Microsoft indicated that only experienced users should enable Copilot Actions, which is currently available only in beta versions of Windows. The company, however, didn’t describe what type of training or experience such users should have or what actions they should take to prevent their devices from being compromised. I asked Microsoft to provide these details, and the company declined.

Like “macros on Marvel superhero crack”

Some security experts questioned the value of the warnings in Tuesday’s post, comparing them to warnings Microsoft has provided for decades about the danger of using macros in Office apps. Despite the long-standing advice, macros have remained among the lowest-hanging fruit for hackers out to surreptitiously install malware on Windows machines. One reason for this is that Microsoft has made macros so central to productivity that many users can’t do without them.
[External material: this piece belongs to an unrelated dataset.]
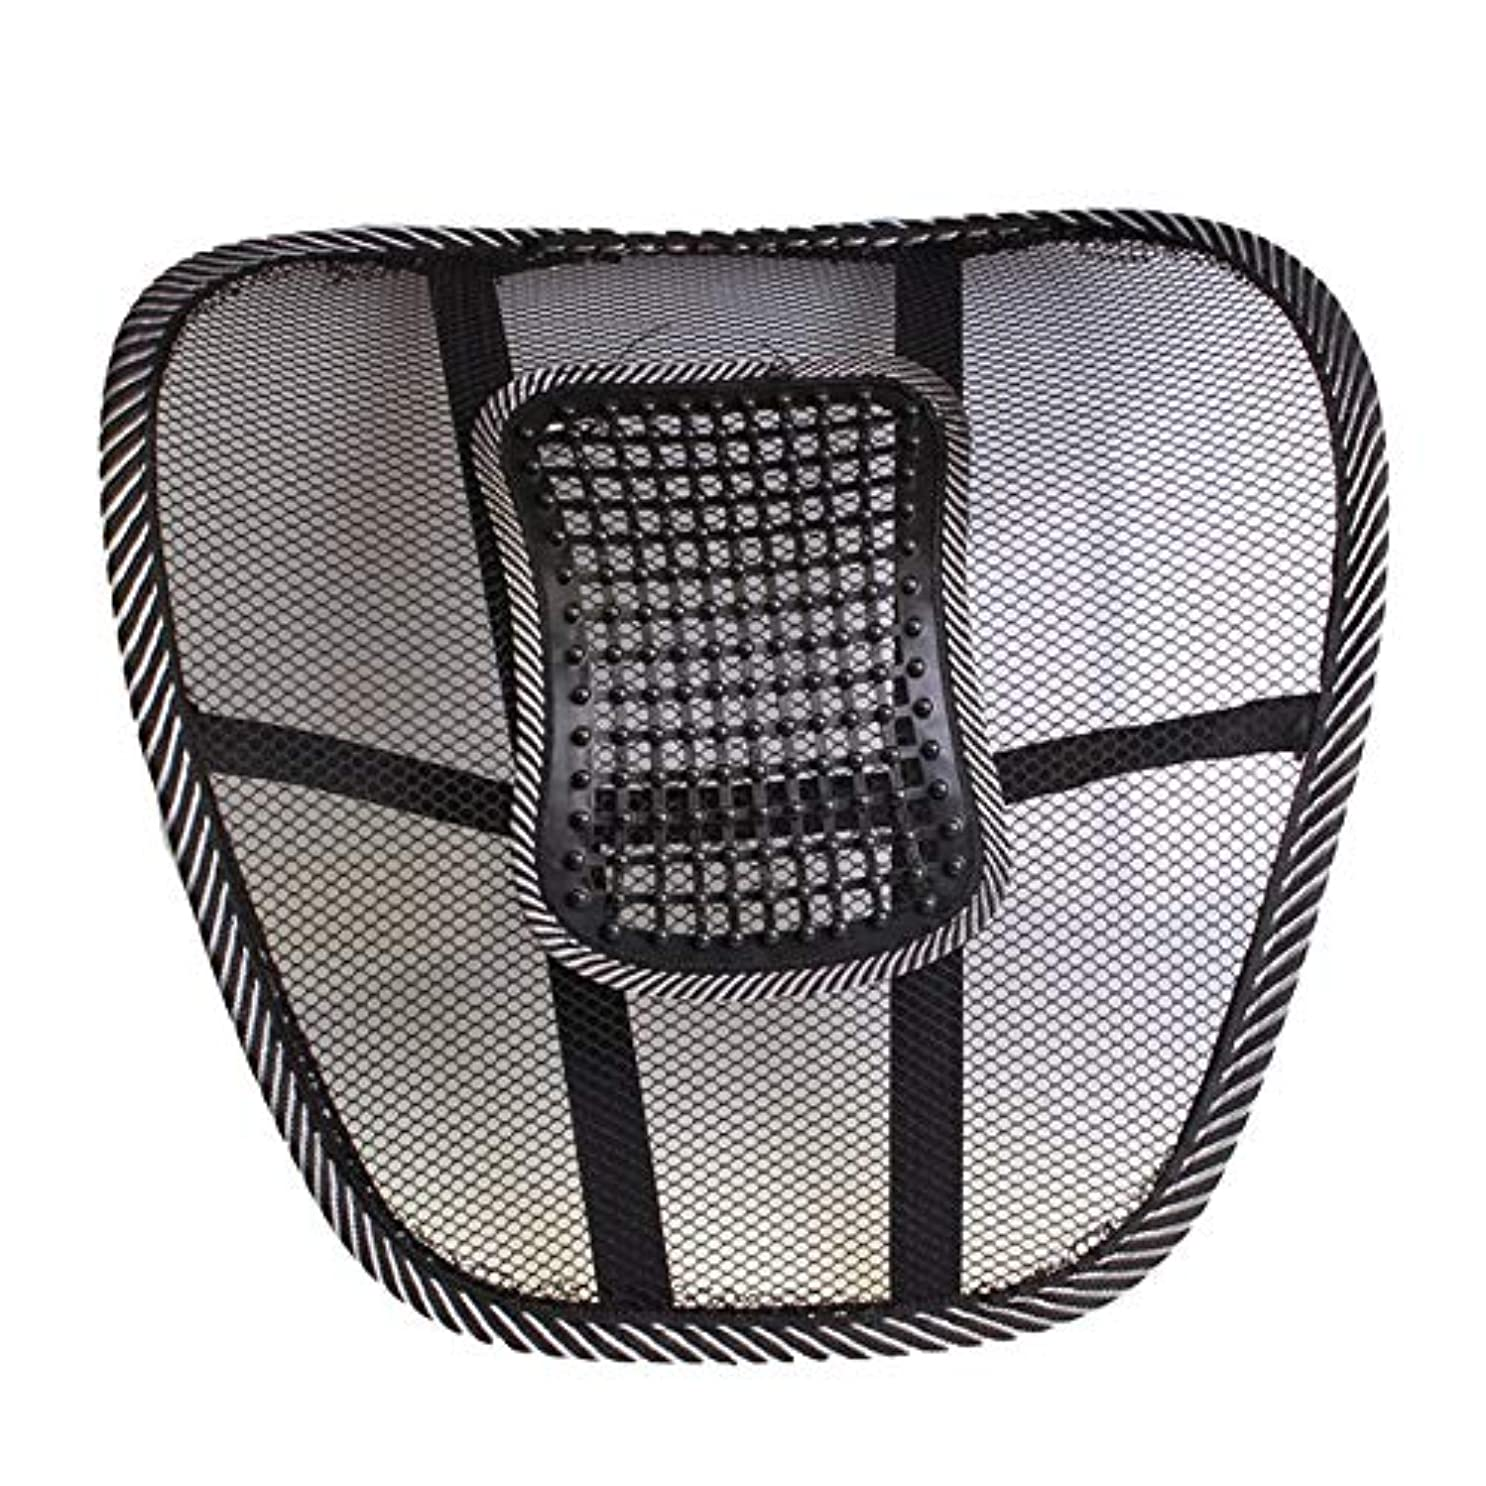 記念碑的な傑出したイースターメッシュカバー付き腰椎サポートクッション腰痛緩和のためのバランスのとれた硬さ - 理想的なバックピロー

“Microsoft saying ‘don’t enable macros, they’re dangerous’… has never worked well,” independent researcher Kevin Beaumont said. “This is macros on Marvel superhero crack.”

Beaumont, who is regularly hired to respond to major Windows network compromises inside enterprises, also questioned whether Microsoft will provide a means for admins to adequately restrict Copilot Actions on end-user machines or to identify machines in a network that have the feature turned on.

A Microsoft spokesperson said IT admins will be able to enable or disable an agent workspace at both account and device levels, using Intune or other MDM (Mobile Device Management) apps.

Critics voiced other concerns, including the difficulty for even experienced users to detect exploitation attacks targeting the AI agents they’re using.

“I don’t see how users are going to prevent anything of the sort they are referring to, beyond not surfing the web I guess,” researcher Guillaume Rossolini said.

Microsoft has stressed that Copilot Actions is an experimental feature that’s turned off by default. That design was likely chosen to limit its access to users with the experience required to understand its risks. Critics, however, noted that previous experimental features—Copilot, for instance—regularly become default capabilities for all users over time. Once that’s done, users who don’t trust the feature are often required to invest time developing unsupported ways to remove the features.

Sound but lofty goals

Most of Tuesday’s post focused on Microsoft’s overall strategy for securing agentic features in Windows. Goals for such features include:

  • Non-repudiation, meaning all actions and behaviors must be “observable and distinguishable from those taken by a user”
  • Agents must preserve confidentiality when they collect, aggregate, or otherwise utilize user data
  • Agents must receive user approval when accessing user data or taking actions

The goals are sound, but ultimately they depend on users reading the dialog windows that warn of the risks and require careful approval before proceeding. That, in turn, diminishes the value of the protection for many users.

“The usual caveat applies to such mechanisms that rely on users clicking through a permission prompt,” Earlence Fernandes, a University of California, San Diego professor specializing in AI security, told Ars. “Sometimes those users don’t fully understand what is going on, or they might just get habituated and click ‘yes’ all the time. At which point, the security boundary is not really a boundary.”

As demonstrated by the rash of “ClickFix” attacks, many users can be tricked into following extremely dangerous instructions. While more experienced users (including a fair number of Ars commenters) blame the victims falling for such scams, these incidents are inevitable for a host of reasons. In some cases, even careful users are fatigued or under emotional distress and slip up as a result. Other users simply lack the knowledge to make informed decisions.

Microsoft’s warning, one critic said, amounts to little more than a CYA (short for cover your ass), a legal maneuver that attempts to shield a party from liability.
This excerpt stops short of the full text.